Demski erinnert sich an ihre Jahre als Studierende und bringt viele schrille Fotos von Ute Dietz in ihr Album zum Thema als Dokumentation ein. Dieses “Album” ist keine wissenschaftliche Abhandlung, es kommt sprachlich locker daher, ohne Anspruch auf Vollkommenheit. Die Autorin stellt verschiedene Figuren aus der Szene des Anarchismus der Moderne vor. Und sie stellt Fragen: Wie geht Freiheit? Zitiert Erich Mühsam: “Ich hab’s mein Lebtag nicht gelernt, mich fremdem Zwang zu fügen.” Es wird unterschieden zwischen dem weltanschaulichen Anarchismus und den Bombenwerfern.

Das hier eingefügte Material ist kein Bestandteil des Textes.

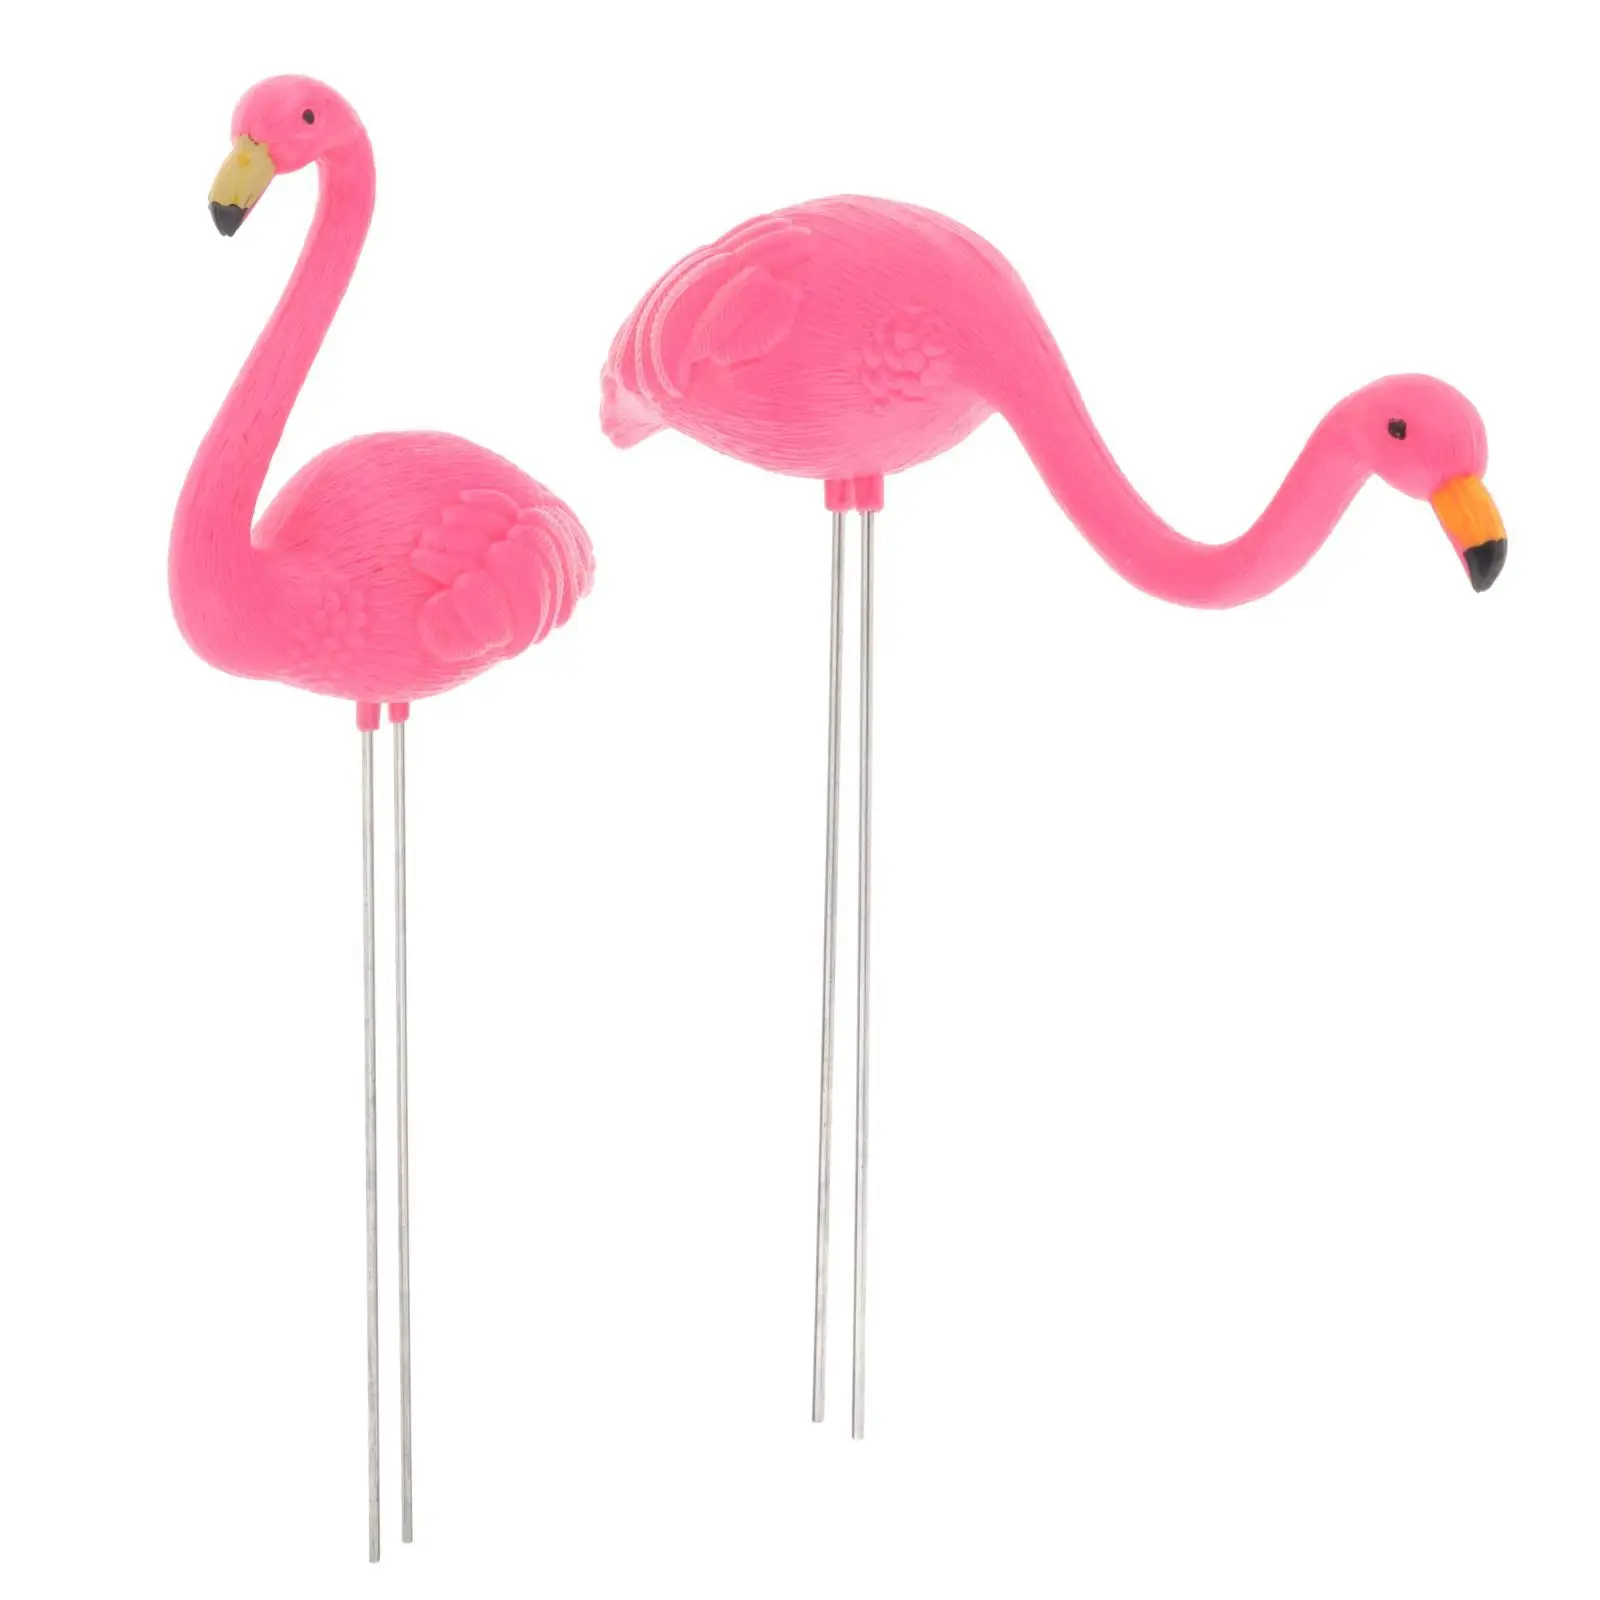 Flamingo Garden Stake Yard Ornament Statue Figurines Accessories for Home Cakes Topper
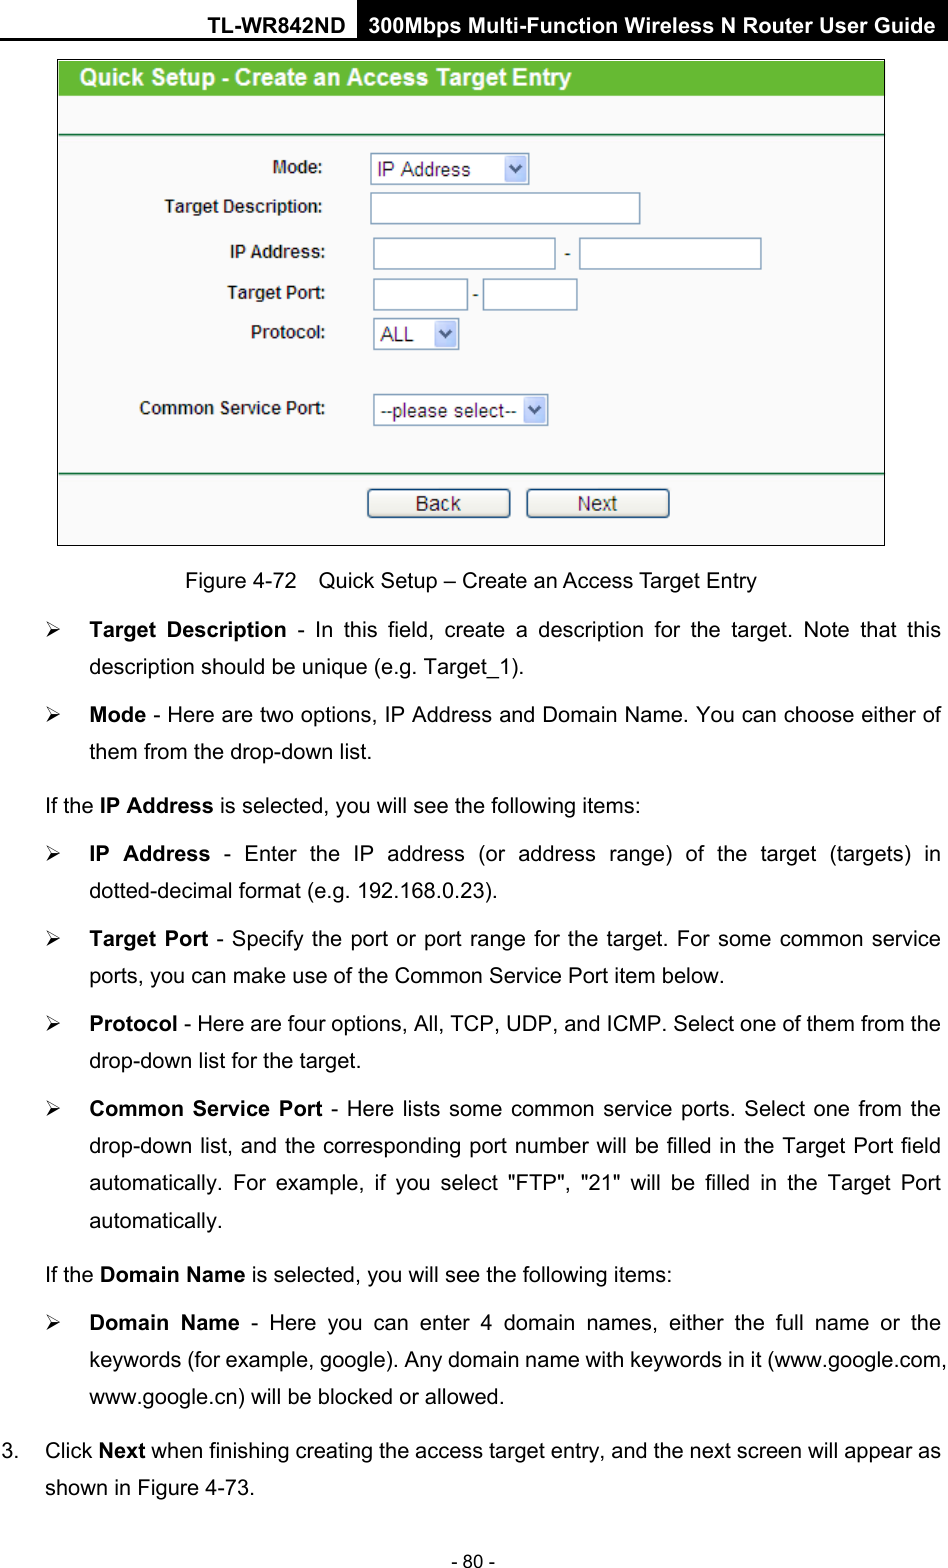 TL-WR842ND 300Mbps Multi-Function Wireless N Router User Guide  - 80 -  Figure 4-72  Quick Setup – Create an Access Target Entry  Target Description - In this field, create a description for the target. Note that this description should be unique (e.g. Target_1).    Mode - Here are two options, IP Address and Domain Name. You can choose either of them from the drop-down list.   If the IP Address is selected, you will see the following items:  IP Address - Enter the IP address (or address range) of the target (targets) in dotted-decimal format (e.g. 192.168.0.23).    Target Port - Specify the port or port range for the target. For some common service ports, you can make use of the Common Service Port item below.    Protocol - Here are four options, All, TCP, UDP, and ICMP. Select one of them from the drop-down list for the target.    Common Service Port  -  Here lists some common service ports. Select one from the drop-down list, and the corresponding port number will be filled in the Target Port field automatically. For example, if you select &quot;FTP&quot;, &quot;21&quot; will be filled in the Target Port automatically.   If the Domain Name is selected, you will see the following items:  Domain Name  -  Here you can enter 4 domain names, either the full name or the keywords (for example, google). Any domain name with keywords in it (www.google.com, www.google.cn) will be blocked or allowed.   3.  Click Next when finishing creating the access target entry, and the next screen will appear as shown in Figure 4-73.

Im ersten Kapitel von insgesamt 16 folgt ein name dropping bekannter Größen: Bakunim, Fürst Kropotkin, der Philosoph Leopold Kohr, Clara Zetkin, u.a.
Was ist eine Anarchistin?

In den einzelnen Kapiteln widmet sich Eva Demski allgemeinen Betrachtungen wie: “Die meisten von uns halten sich ohne System nicht für überlebensfähig” Dabei wird die Harvard-Professorin Shoshona Zuboff mit dem Begriff “Überwachungskapitalismus” zitiert. Dann fragt Demski: Was ist eine Anarchistin, ein Anarchist? – und kommt auf Pippi Langstrumpf.
Weiter widmet sie sich einzelnen Protagonisten, z.B. der russischen Jüdin Emma Goldman und ihrem quirligen Lebenslauf mit freier Liebe und offenen Beziehungen samt ihrem politischen Aktivismus, sowie Emmas Herz für die frühe LGBT-Community in den USA. Die Antagonisten und “bösen Kapitalisten” als Angehörige einer Klasse “jener kühlen, calvinistischen Kapitalhörigkeit” wie die Industriellen Frick, Carnegie und Rockefeller werden mit ihrem Stiftungswesen vorgeführt.
Ambiguität des Systems
Die Ambiguität unseres Systems wird offengelegt: “Woher das Geld für die wunderbaren Konzertsäle, Sammlungen und Bibliotheken kam, und wie viel Blut und Schweiß daran klebt, interessiert niemanden mehr.” Emma Goldmann liebte die Oper, den Kitsch – und war oft im Gefängnis. Auf Emmas Grabstein steht gleichsam als Credo: …dass Freiheit nicht zu einem Volk herabkäme, das Volk müsse sich selbst zu ihr erheben!” Im Kapitel “Auf Gleisen, auf Reisen” erzählt Demski dann von den Hobos in den USA, die sich auf die Güterwagen wagten und gratis quer durchs große Land als Wanderarbeiter reisten – Männer wie Frauen.
Anarchy in Switzerland und Kreuzberg

Nett ist auch Demskis Schwenk in die Schweiz zu den anarchistischen Uhrmachern: Edelarbeiter, die genügend innere Freiheit besaßen, anarchische Gedanken zu hegen. Sie wagt damit einen Blick auf die “Mikrohistorische Globalgeschichte zu den Anfängen der anarchistischen Bewegung”. Ich erinnere mich noch, wie es bei den Punks in den 1980ern hieß: “Züri brennt”. Und man dachte: Na klar, es muss eine entsprechende Szene geben in der so aufgeräumten Schweiz, schließlich war auch Lenin dort in Klausur. Im Kapitel “Besondere Zeiten” kommt diese zur Sprache.
Seitenhiebe verteilt Demski gegen Klaus Schwab und die heutigen elitären Weltspitzenfunktionäre, die auf Volkes Kosten unter Ausschluss desselben ihren Weltwirtschaftsgipfel in Davos veranstalten. Wobei diese Eliten gemäss Demski sich und ihre Gedanken der neuen Weltordnung feiern würden; sie würden zwar libertär klingen, seien aber in ihrer Konsequenz totalitär.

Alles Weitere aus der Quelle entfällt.